This is an important week for central banks, with the Fed, the ECB and the BoJ all meeting to decide on their monetary policy.
Yesterday was the Fed’s turn. After halting in June, the Federal Open Market Committee (FOMC) announced a quarter percentage point rate hike at its July 2023 meeting. The increase was widely expected by the markets, as the Fed previously anticipated the possibility of two more rate hikes by the end of the year. The federal funds rate is now at a target range of 5.25% – 5.50%, the highest in 22 years.
The focus was on Fed Chair Powell’s press conference as markets were looking for a hint on forward guidance.
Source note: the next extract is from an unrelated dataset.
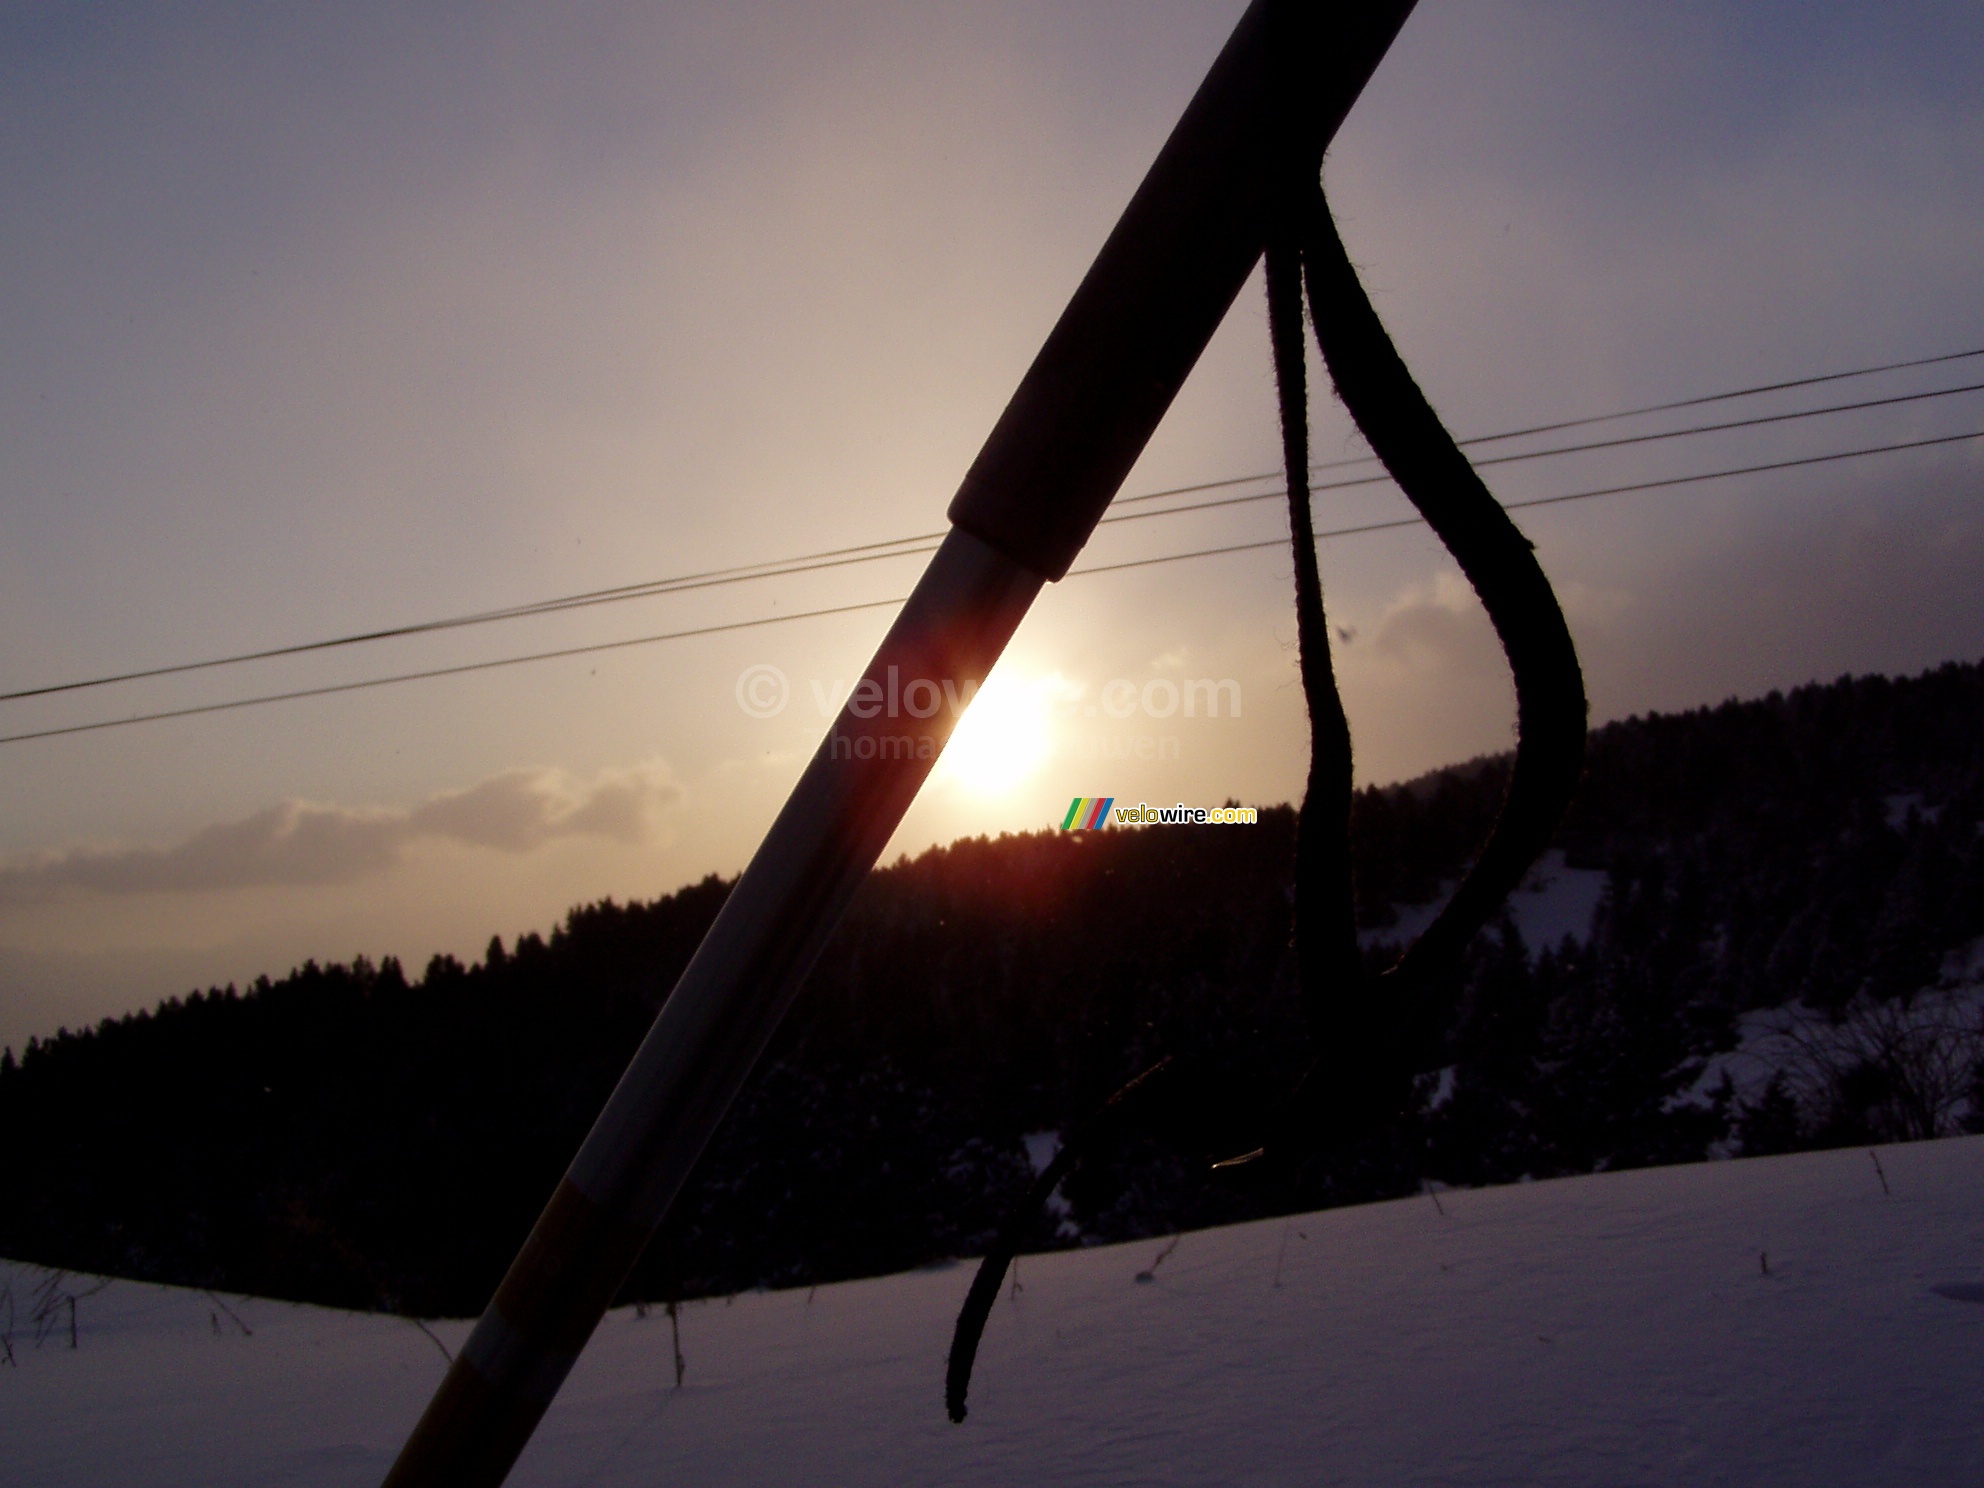 The sun going down behind the ski stick

Chair Powell left the door open stating that “it is certainly possible that we would raise funds again at the September meeting, if the data warranted. And I would also say it’s possible that we would choose to hold steady at that meeting.”
The Fed resumed its restrictive policy stance, with inflation still above its 2% target, a still tight labor market and a still resilient economy. According to the US Bureau of Labor Statistics, headline CPI was 3.0% year-over-year in June 2023, while core inflation was 4.8%. Nonfarm payrolls rose 209K in June 2023, from 306K the prior month. The unemployment rate lowered to 3.6% in June 2023, from May’s 3.7%.
Following the Fed announcement, US markets were flat, US 10yr Treasury remained in area 3.80%.